A Sustained Campaign
In the spring of 1787, the founding members of the Society for Effecting the Abolition of the Slave Trade first met. Over the subsequent years, they petitioned, made speeches, lobbied tirelessly, and gathered evidence on the particulars of the slave trade. “Their efforts,” Kara writes, “would lay a blueprint for the pursuit of social justice.” After years of struggles, the Act for the Abolition of the Slave Trade was finally passed in 1807.
An Enduring Impact
The question of who or what should be credited for abolition remains contentious.

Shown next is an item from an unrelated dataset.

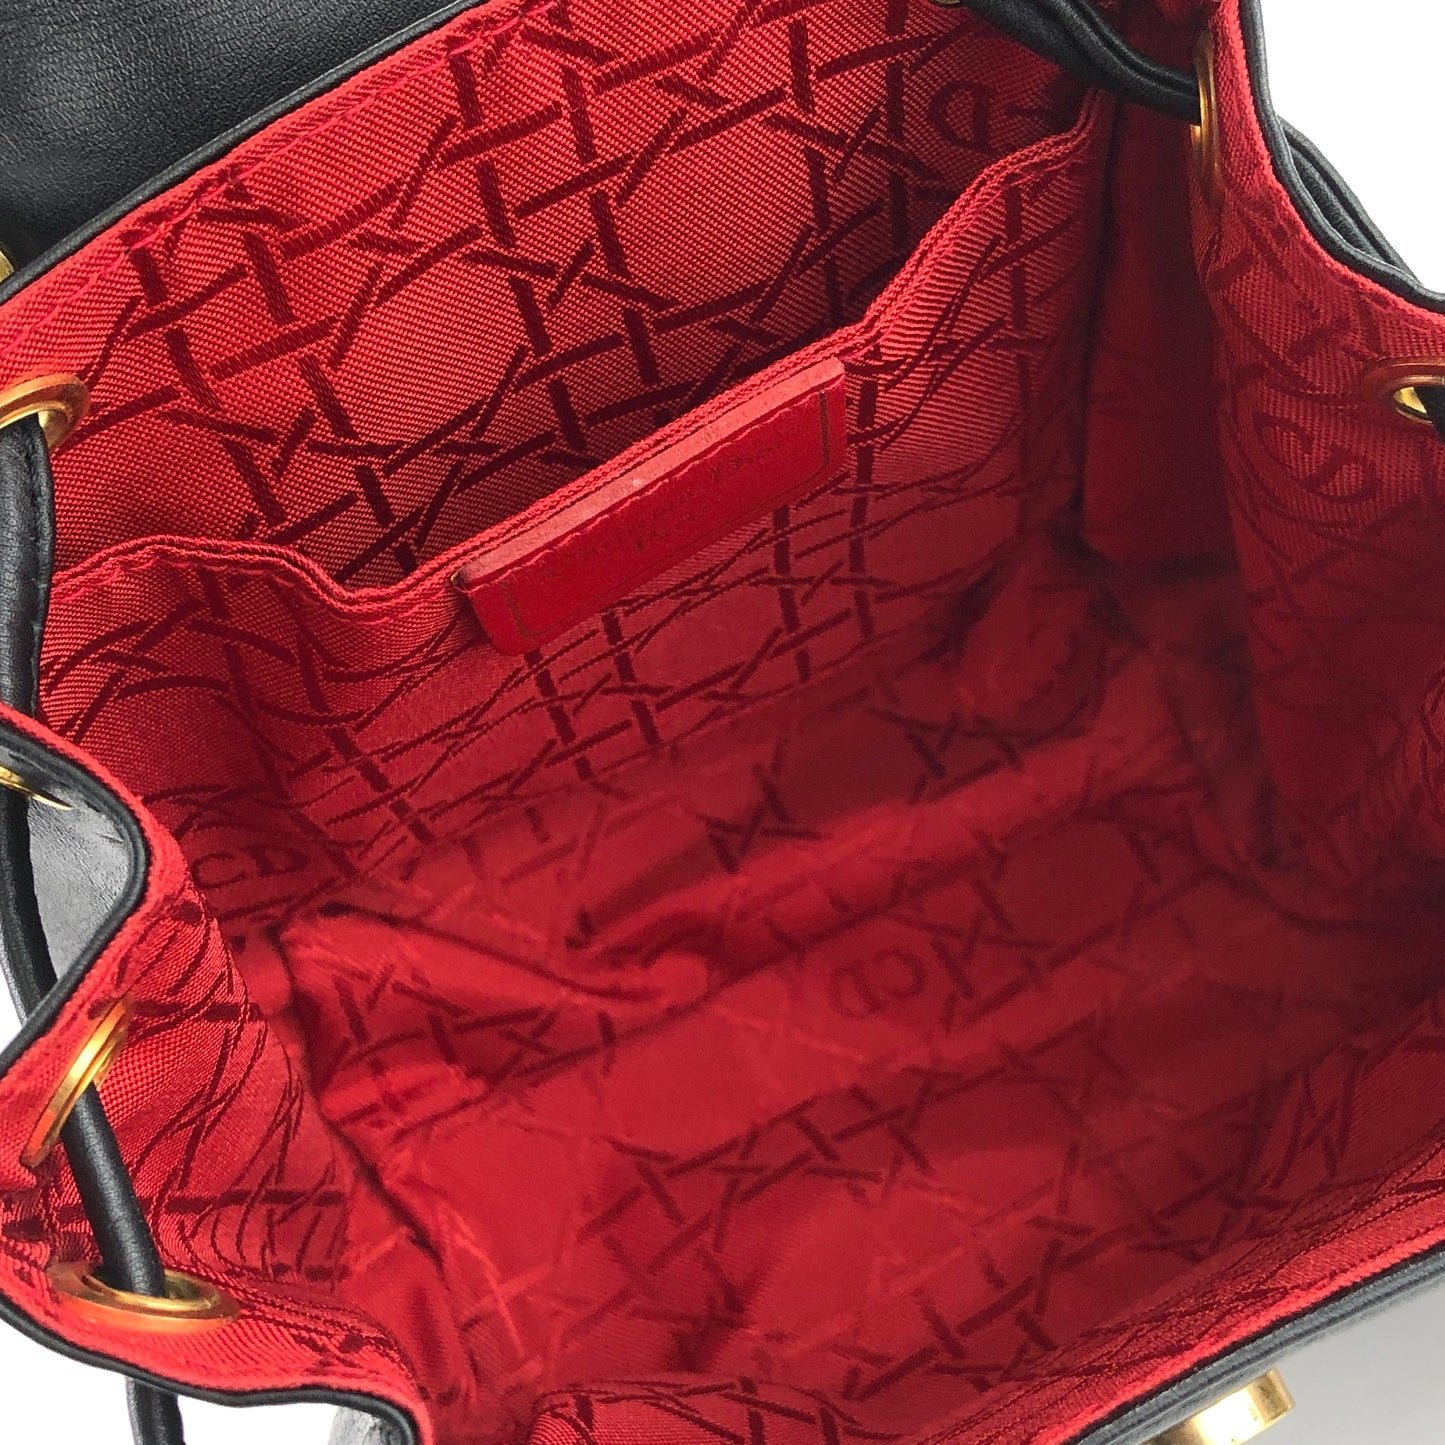 Christian Dior Cannage Logo Charm Leather Mini bag Shoulder bag Pochette Black Vintage Old g8k6nf

The Zorg's influence, however, is visibly captured by J.M.W. Turner's famous painting, The Slave Ship, which was based on the events of 1781. While slavery has been near-universal in human history, its abolition following a prolonged mass campaign was unprecedented, serving as an affirmation to the power of persistent activism, the pen, and unwavering persistence.
Kara's Narrative Method
In contrast to his previous books—such as the acclaimed Cobalt Red—Kara has had to address certain gaps in the available documentation. At times, speculative passages sit awkwardly next to scrupulously factual accounts, giving the book a somewhat chimeric feel. Part thriller and part serious nonfiction, The Zorg nevertheless manages to shedding light on one of history's most horrific episodes, using compelling prose and documented fact to assemble a portrait that stays with the reader well after the final page.